Adatom surface diffusion of catalytic metals on the anatase TiO2(101) surface

Titanium oxide is often decorated with metal nano-particles and either serves as a catalyst support or enables photocatalytic activity. The activity of these systems degrades over time due to catalytic particle agglomeration and growth by Ostwald ripening where adatoms dissociate from metal particles, diffuse across the surface and add to other metal particles. In this work, we use density functional theory calculations to study the diffusion mechanisms of select group VIII and 1B late-transition metal adatoms commonly used in catalysis and photocatalysis (Au, Ag, Cu, Pt, Rh, Ni, Co and Fe) on the anatase TiO2(101) surface.
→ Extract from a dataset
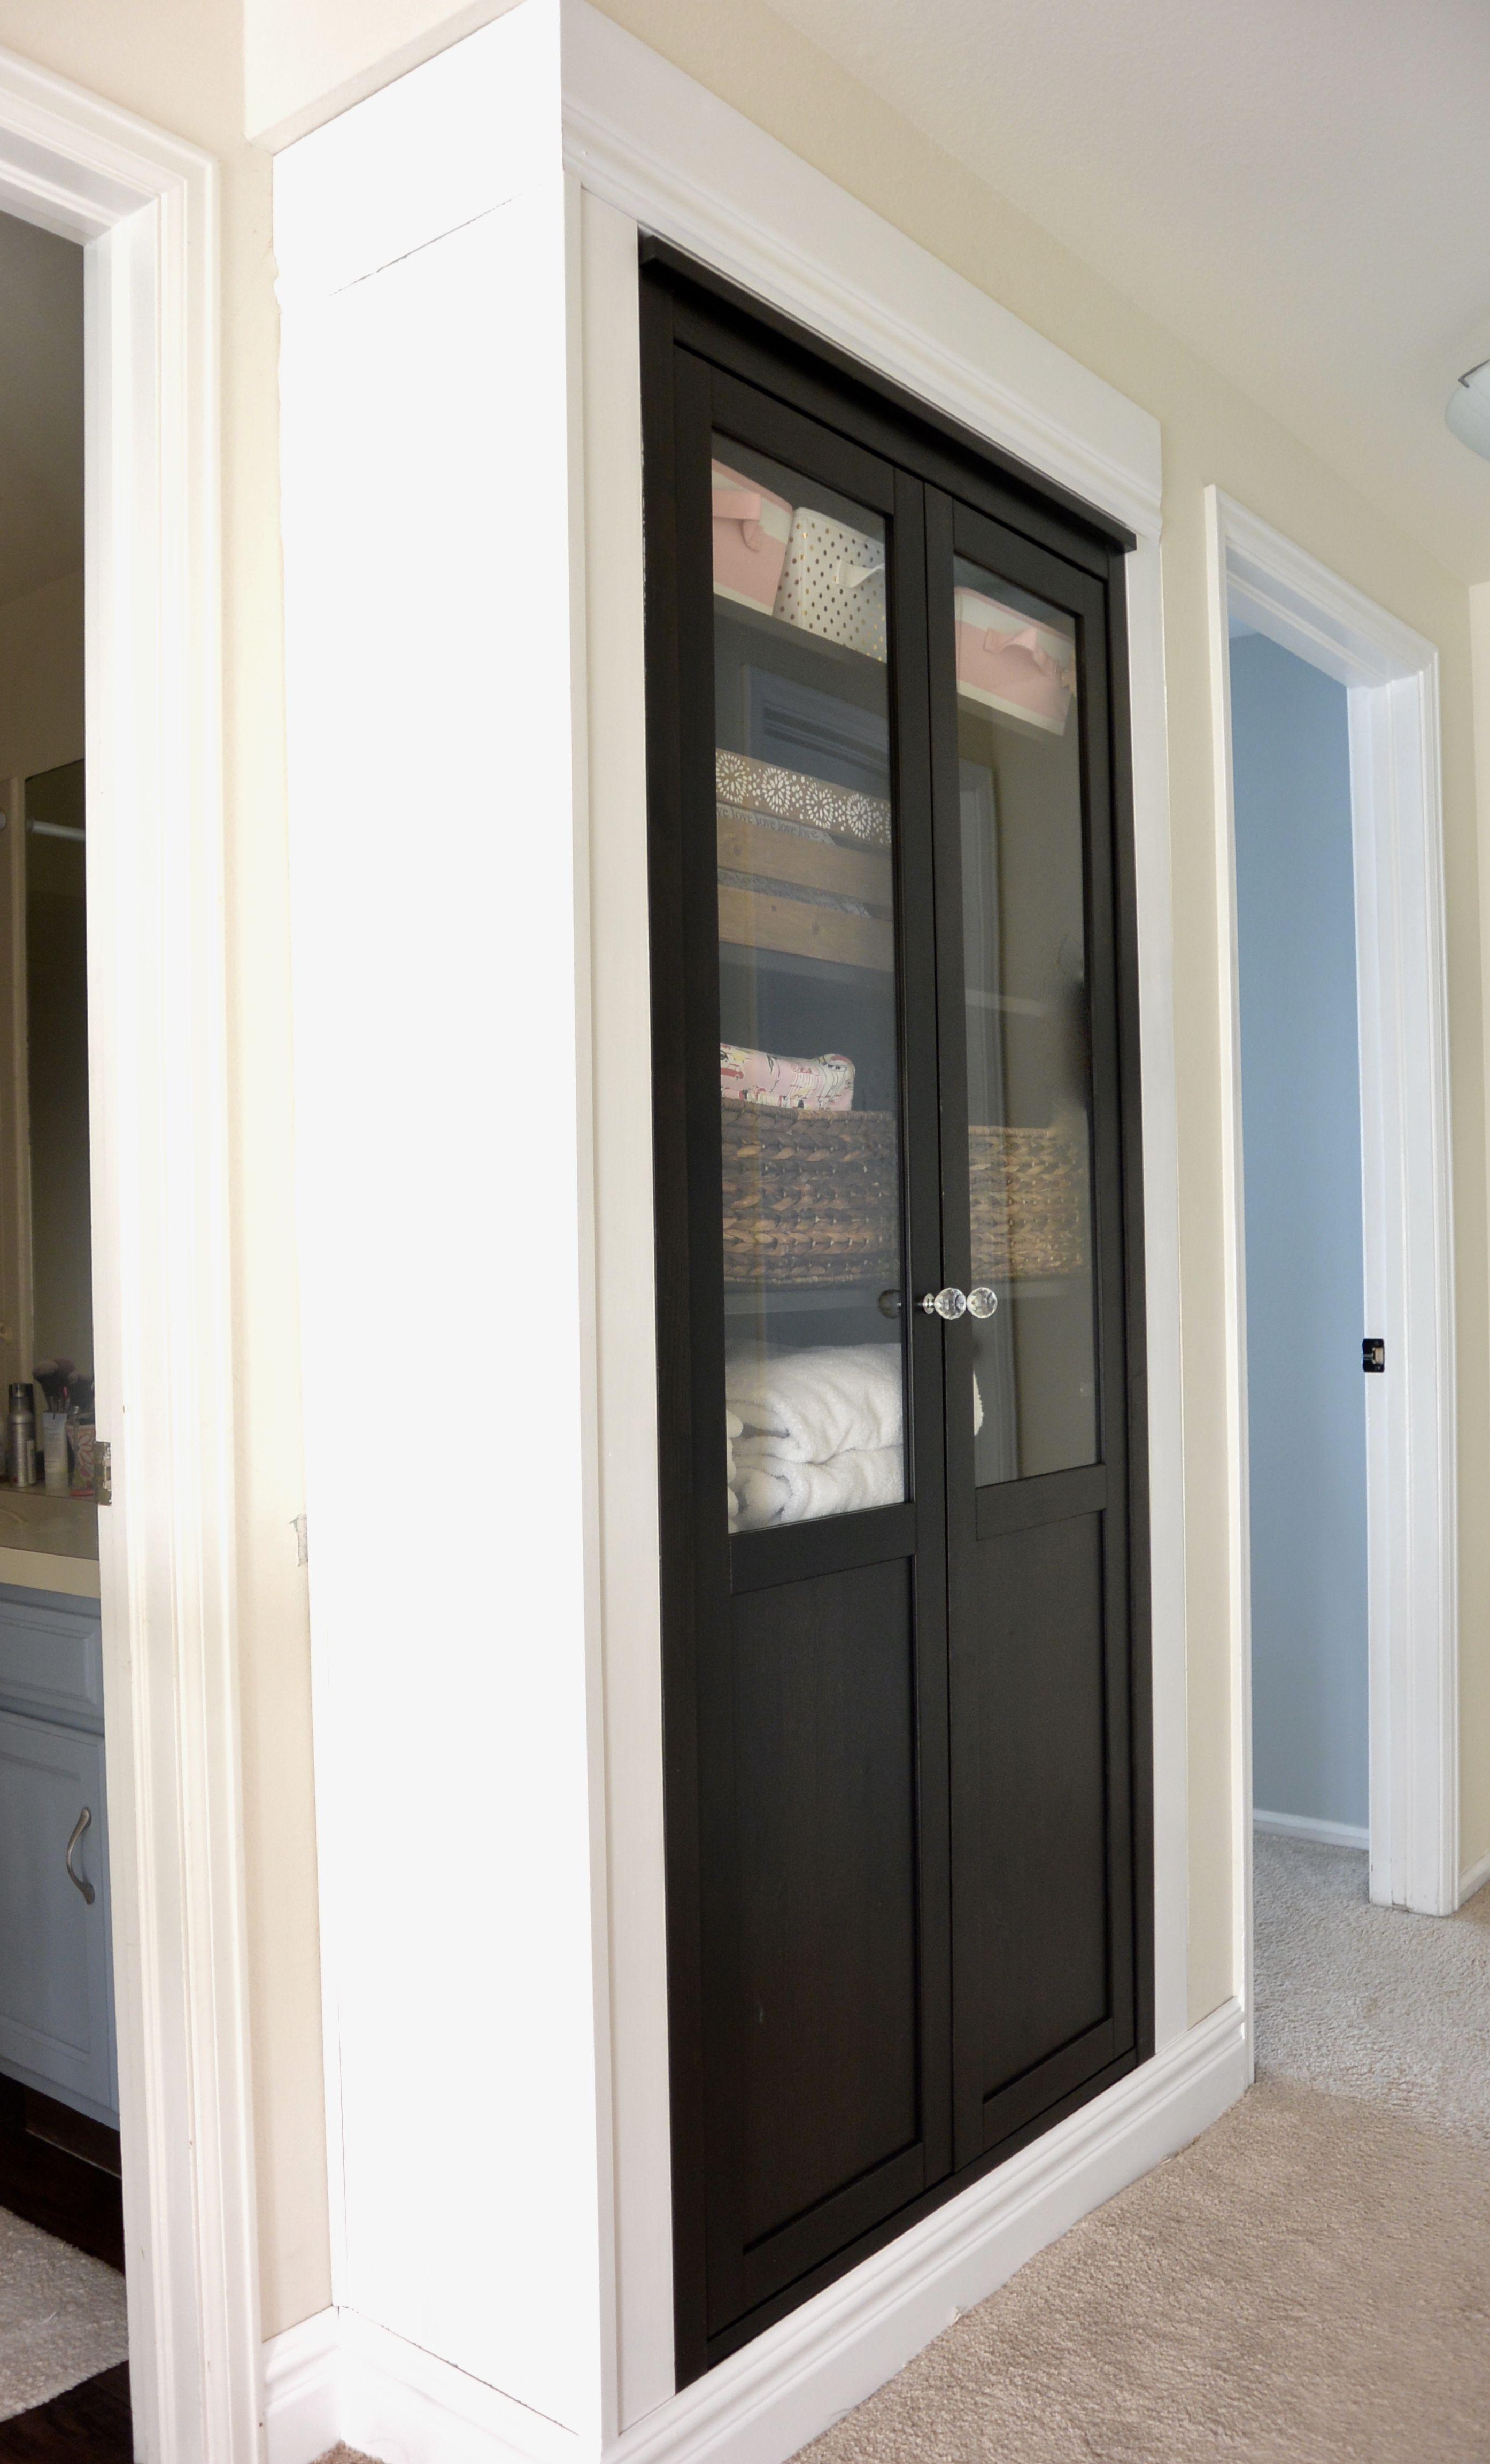 Use An Ikea Hemnes Cabinet As A Linen Closet Bathroom Linen Cabinet Ideal Bathrooms Bathroom Furniture Storage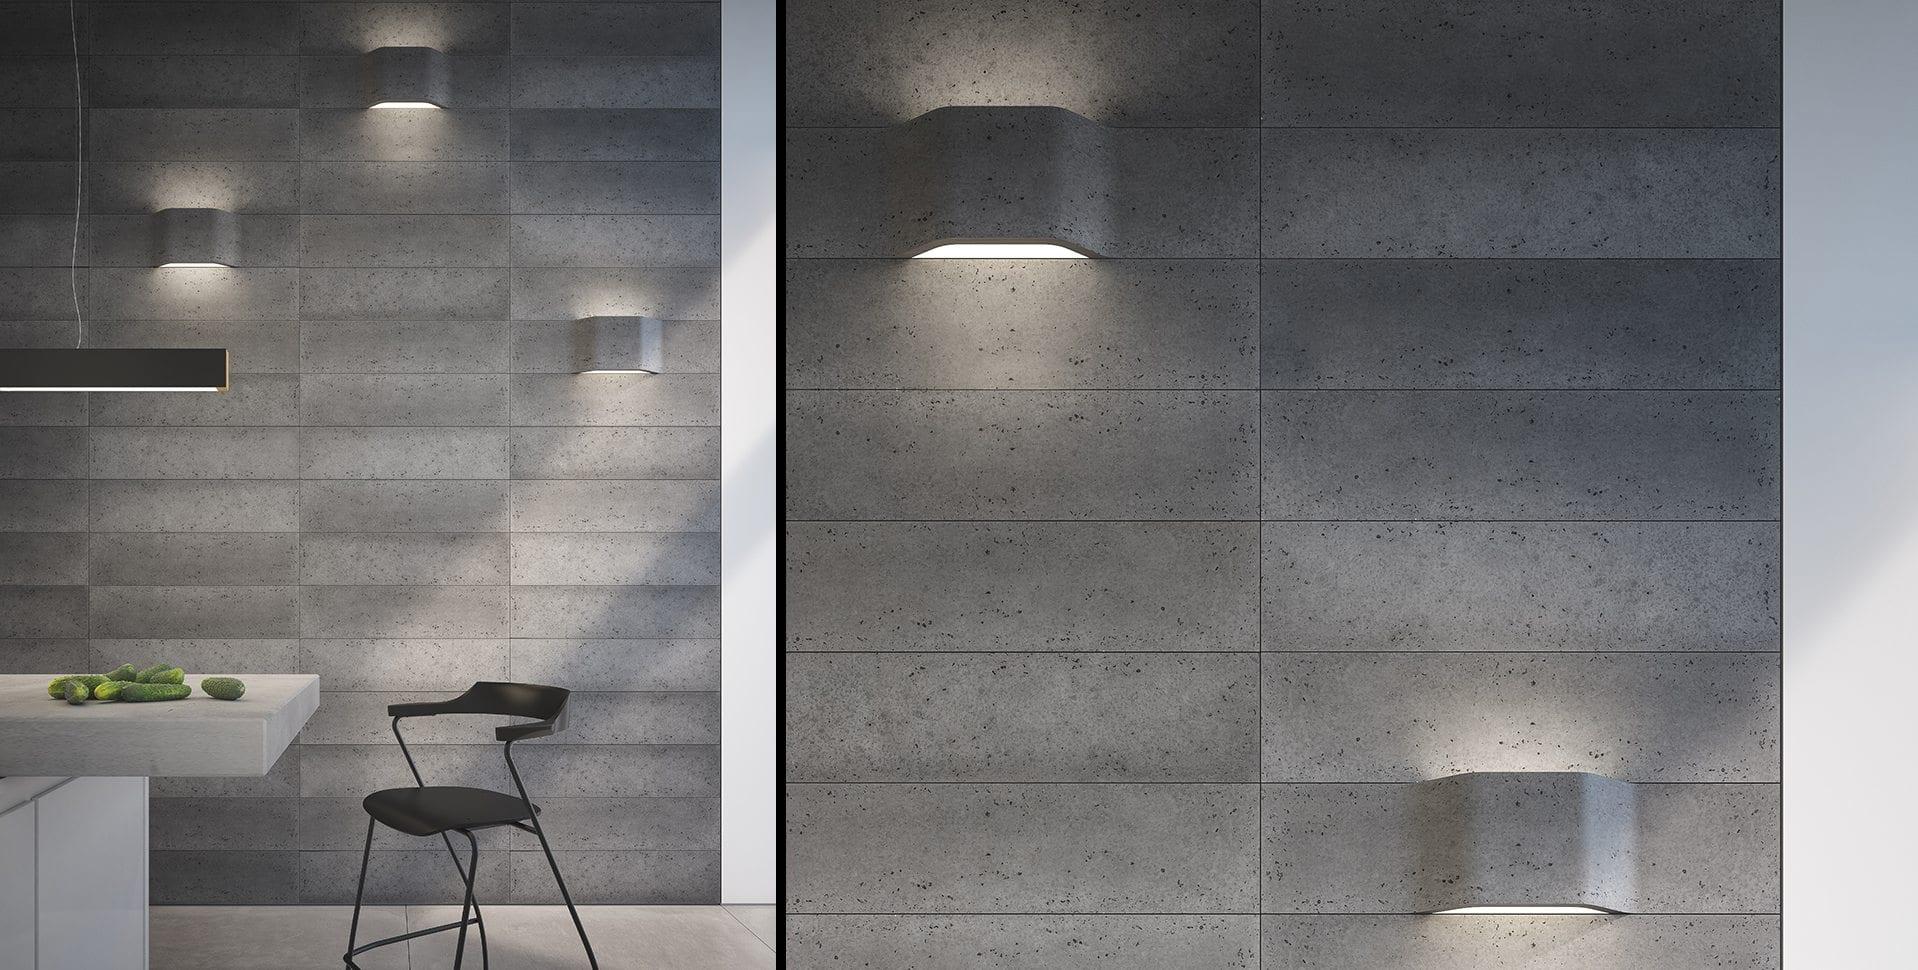 Maayan-Golan_Architectural-Visualization_product-visualization_wall-tiles_lighting-fixture_itai-bar-on_kitchen_03

All metal adatoms preferentially occupy the bridge site between two 2-fold-coordinated oxygen anions (O2c). Surface migration was investigated by calculating the minimum energy pathway from one bridge site to another along three pathways: two in the [010] direction along a row of surface O2c anions and one in the [10] direction between two rows of surface O2c anions. For all adatoms, migration along the [010] direction is favored over migration along the [10] direction due to closer packing of the atoms in the [010] direction and therefore stronger adatom–surface interactions. As the adatom hops along the [010] direction, it preferentially moves through a metastable OTiO structure in which the adatom partially embeds itself within the surface, with the exception of Au, which remains above the surface. The adatoms migrate with relative activation energies of: Au (0.24 eV) < Ag (0.48 eV) < Rh (0.60 eV) < Co (0.78 eV) < Pt (0.84 eV) < Ni (0.86 eV) < Cu (1.23 eV) < Fe (1.79 eV) along the favored pathway. This preference arises from the strength of adatom–surface bonding and the electronegativity difference between the metal adatom and the TiO2 surface. We found a linear correlation between the binding energy/electronegativity and the activation energy for hopping where stronger binding energies and more oxidized adatoms have higher activation energies for adatom migration. The linear correlation developed in this work enables rapid estimations of the hopping rates of other transition metal adatoms across the TiO2 surface.